Required from the data below: the exact lines starting at the line containing "III Encuentro Álvaro Cunqueiro" and ending at the line containing "finnish soldier drum", with both ends kept and all pictures dropped.

- **EXCERPTED DATA**
****
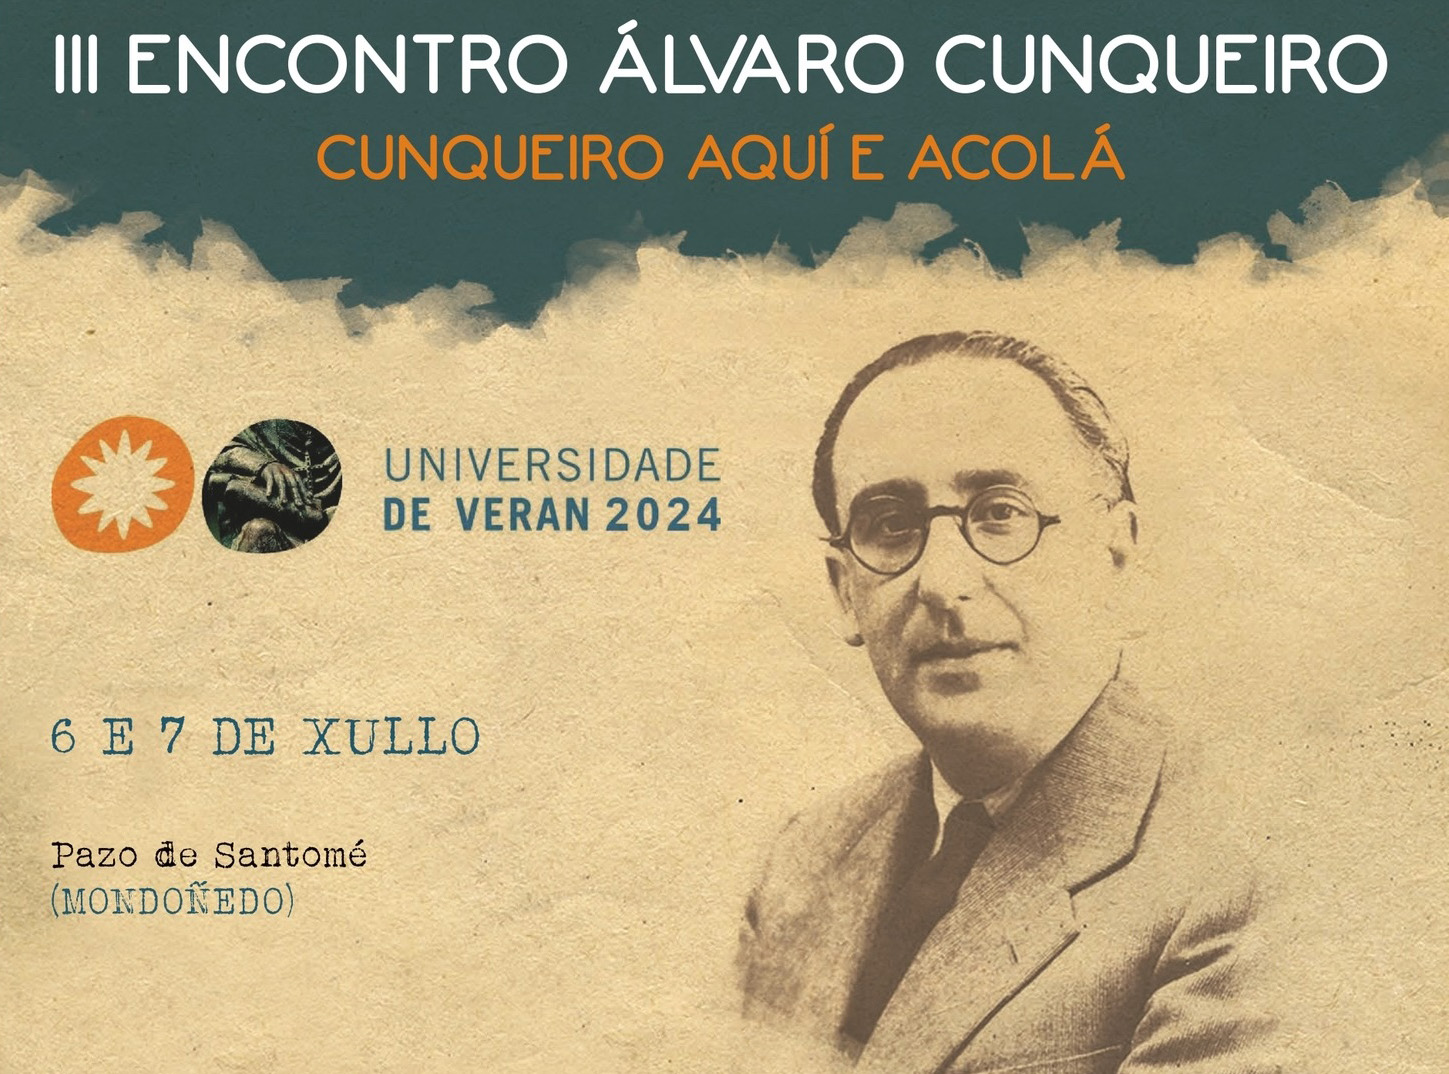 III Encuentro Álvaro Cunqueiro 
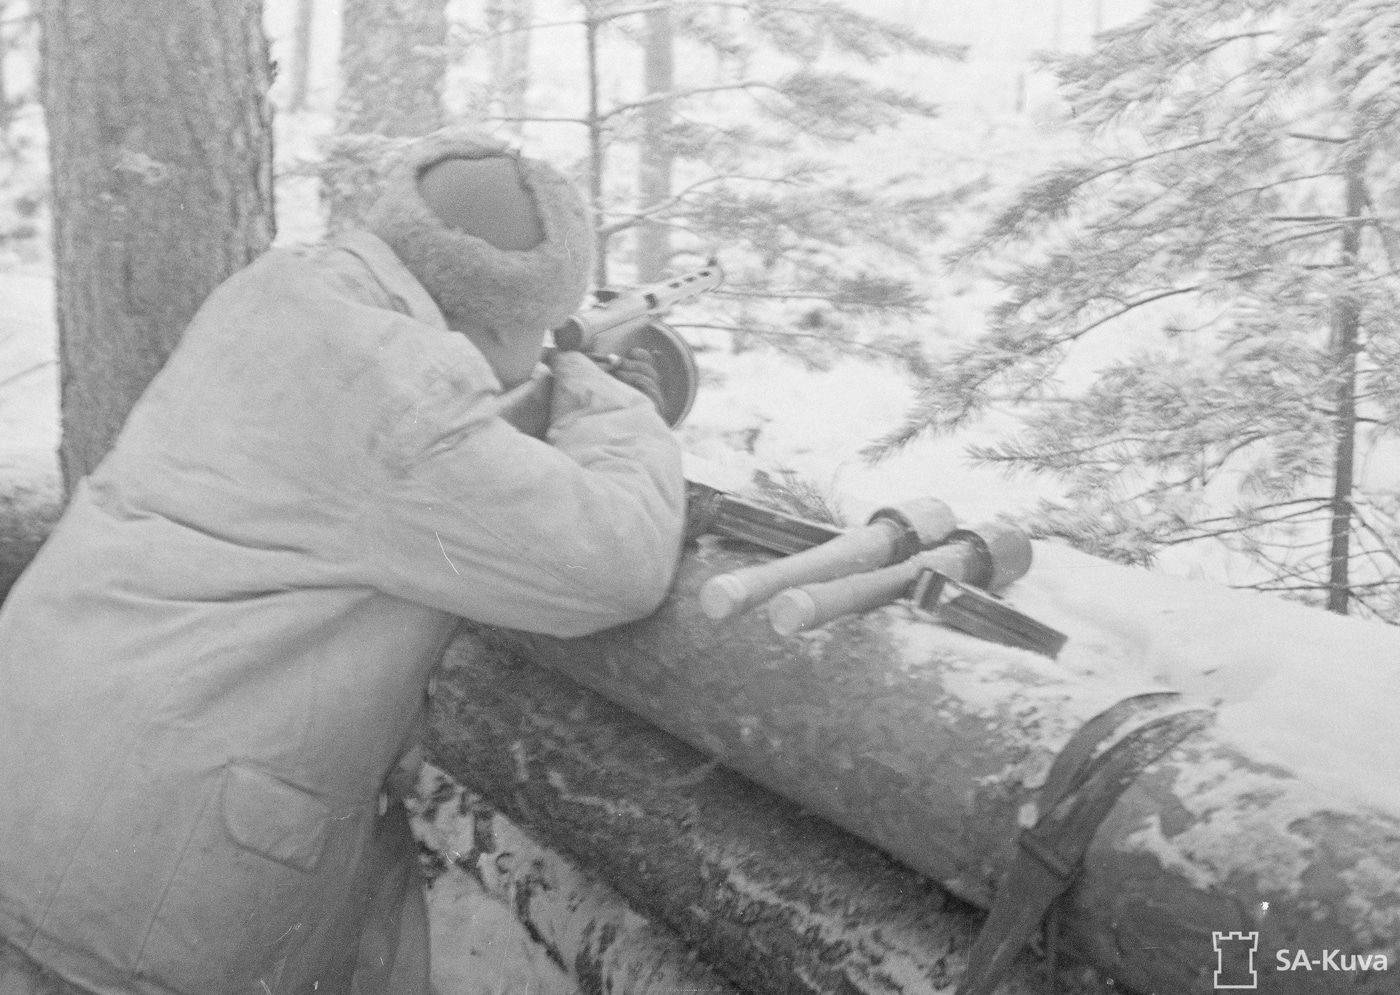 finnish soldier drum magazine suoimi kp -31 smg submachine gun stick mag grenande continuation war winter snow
****
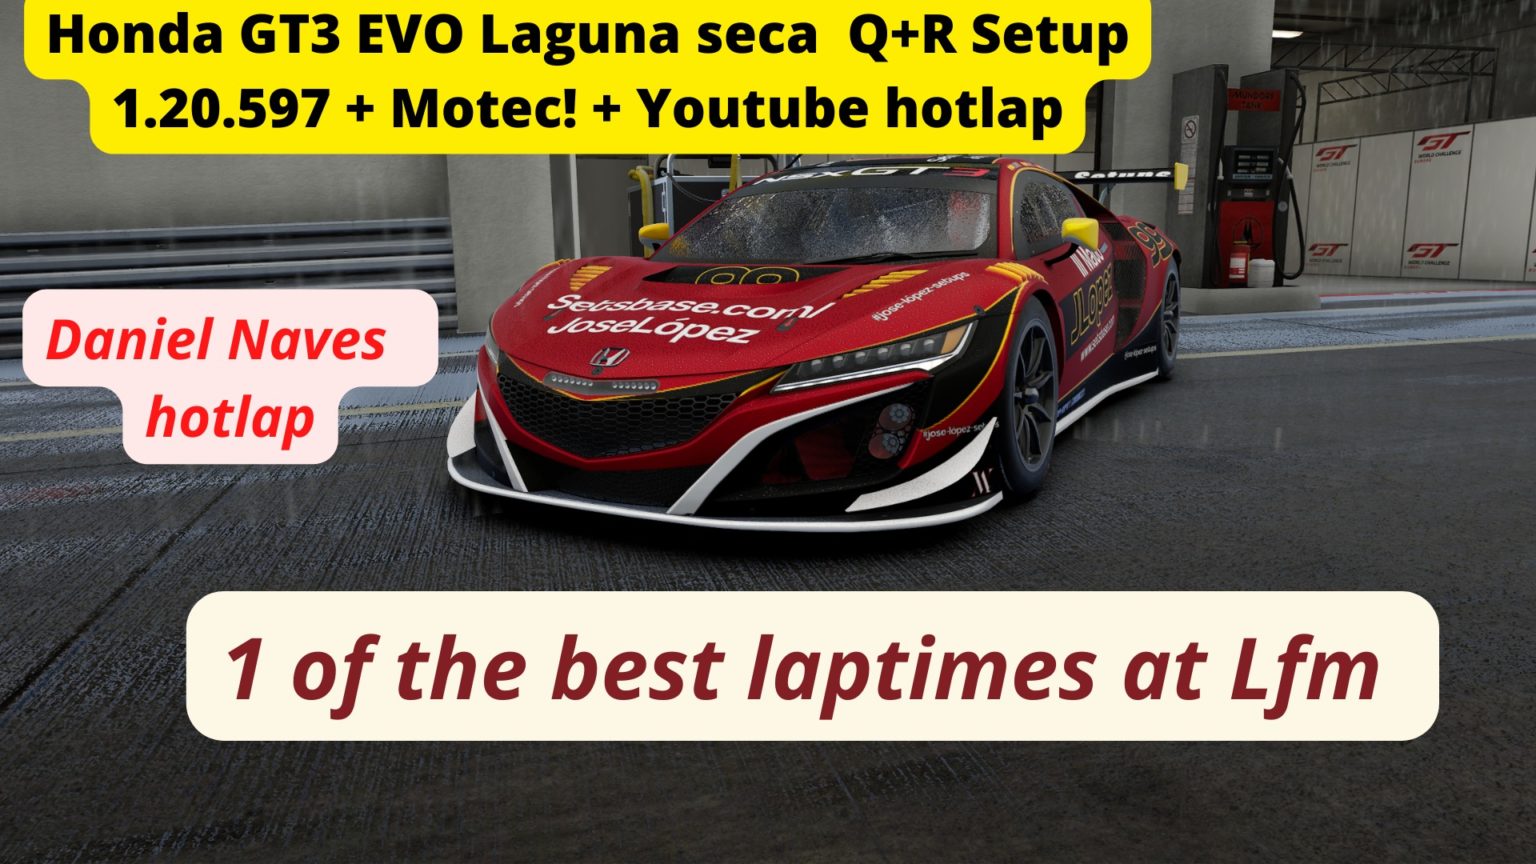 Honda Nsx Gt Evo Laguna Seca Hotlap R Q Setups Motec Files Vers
****
- **SOLUTION TO THE PROBLEM**
 III Encuentro Álvaro Cunqueiro 
 finnish soldier drum magazine suoimi kp -31 smg submachine gun stick mag grenande continuation war winter snow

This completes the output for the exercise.